Недавно у нас в иешиве мне рассказали об одном случае, который, мог бы дать ответ на этот вопрос.
Существуют разные организации, занимающиеся кошерностью кур, мяса и т.д. И многие люди спорят с пеной у рта о том, что можно кушать, а что нельзя. Обычно равы дают какие-то характеристики, например, что можно кушать, если ты попал в гости, и можно ли унизить хозяина, сказав, что что-то кошерно или не кошерно. Мы спорили о каком-то кашруте, и вдруг один из нас произнес:
– Я видел, как в этой ситуации поступил рав Ицхак Зильбер. Была какая-то трапеза, рав Ицхак Зильбер спросил хозяина: «Простите, какой кашрут у этого мяса?» Тот ответил. Рав Ицхак не знал точного названия этого кашрута и еще раз переспросил. Хозяин снова ответил, и видно было, что он начинает злиться. Рав Ицхак Зильбер взглянул на своего сына, рава Бенциона. Тот отрицательно покачал головой. Тогда рав Ицхак Зильбер положил кусок курицы себе на тарелку, засыпал сверху гарниром и стал очень увлеченно есть гарнир. Вдруг через пару минут он «вспомнил», что у него назначена встреча:
– Извините, пожалуйста, мне надо срочно бежать, вы меня не проводите?

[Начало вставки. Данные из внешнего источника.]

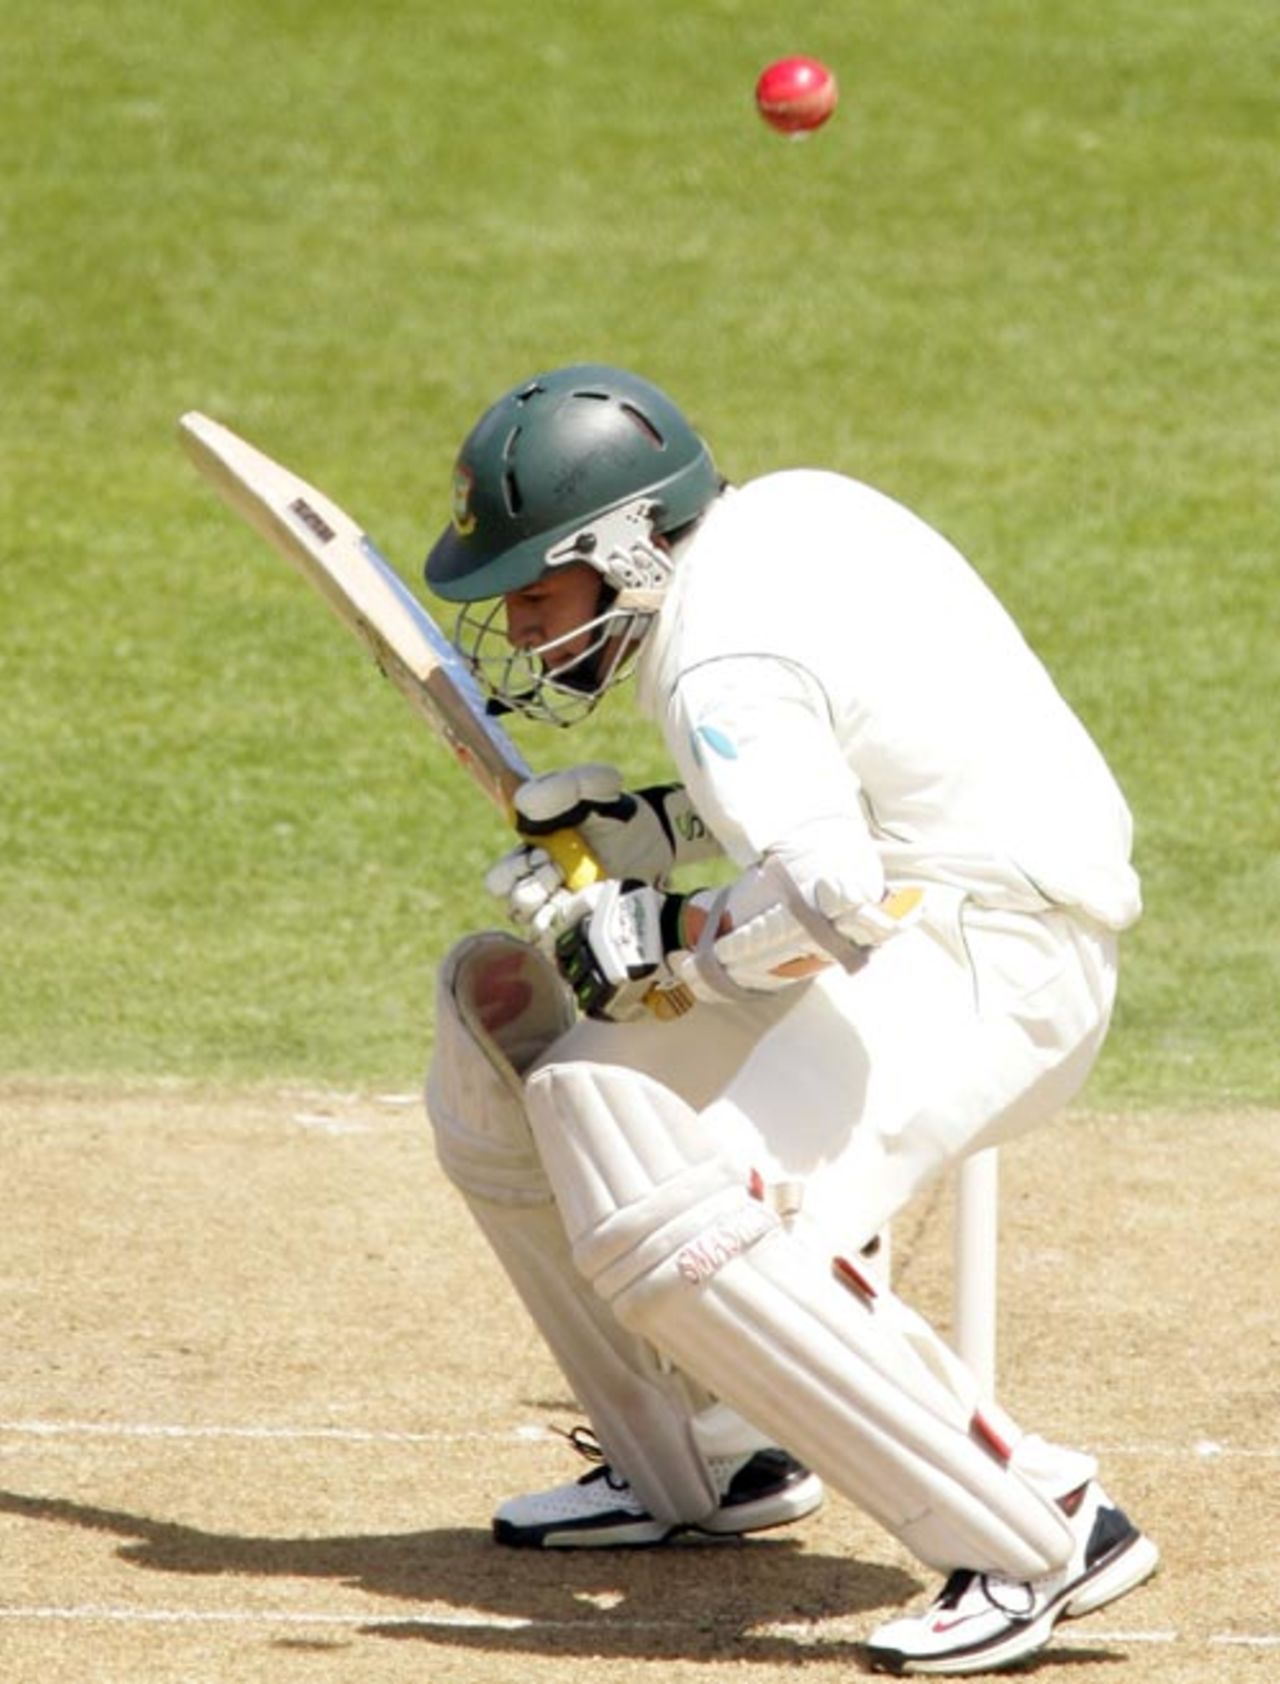 Mushfiqur Rahim ducks under a bouncer, New Zealand v Bangladesh, 1st Test, Dunedin, 1st day, January 4, 2008
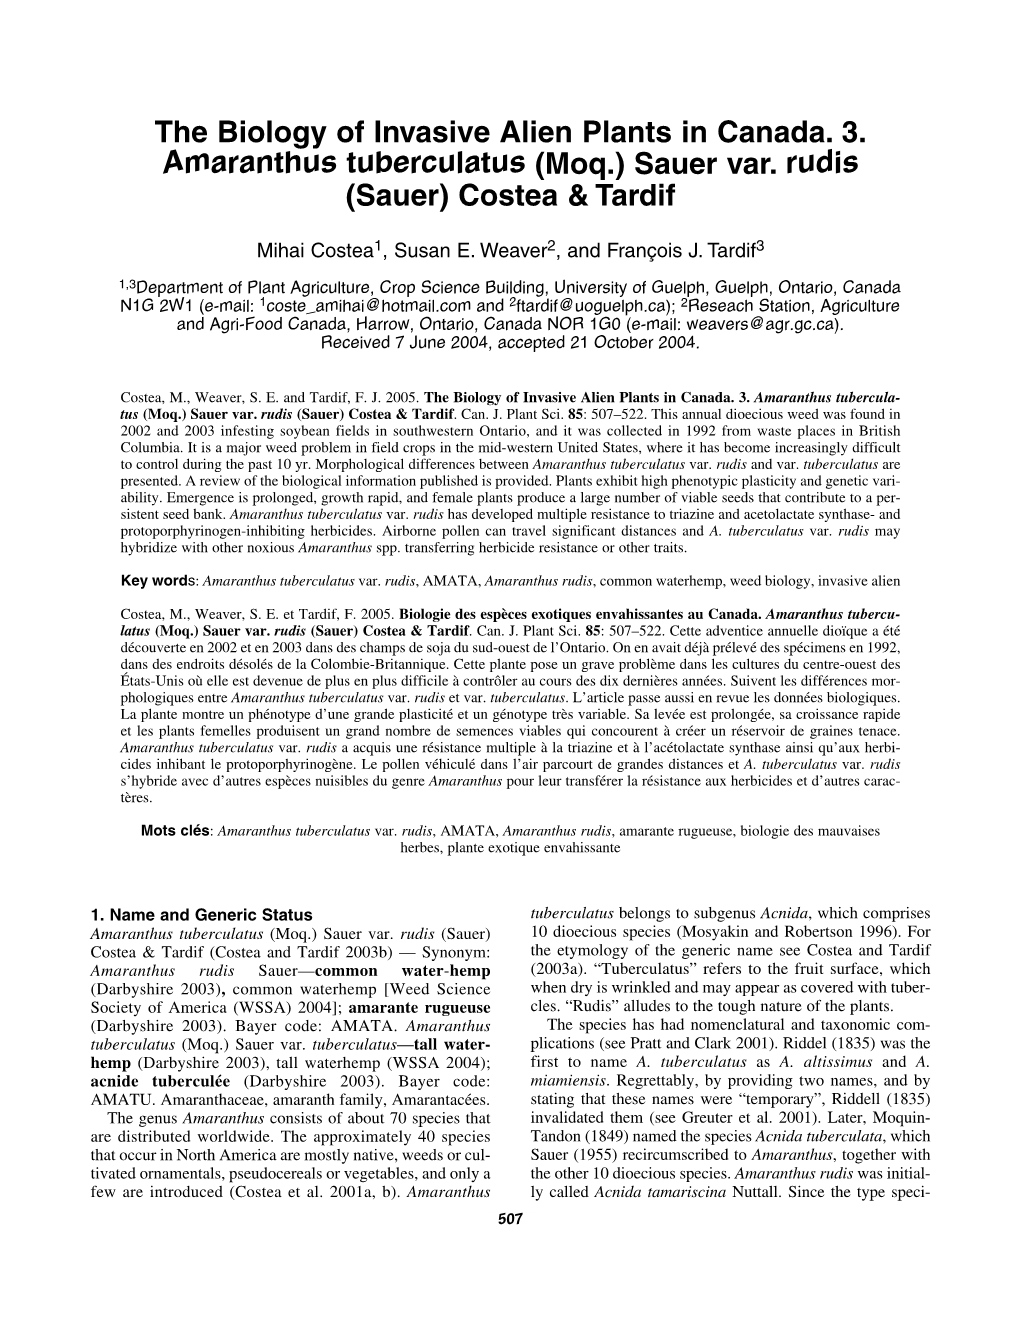 The Biology of Invasive Alien Plants in Canada. 3. Amaranthus Tuberculatus (Moq.) Sauer Var

На тарелке осталась курица, засыпанная гарниром.
Я сейчас думаю: что сделал бы рав Ицхак Зильбер, если бы он находился на том пиру? Наверное, он бы срочно вспомнил, что ему куда-то надо уходить, выскочил бы в коридор, схватил бы Бар-Камцу за руку, и держал, держал бы до тех пор, пока у него не прошла бы полностью злость. Что-то при этом говорил бы и как-то при этом улыбался… И если бы Бар-Камца увидел, что хоть кто-то ему сочувствует, он простил бы свой народ.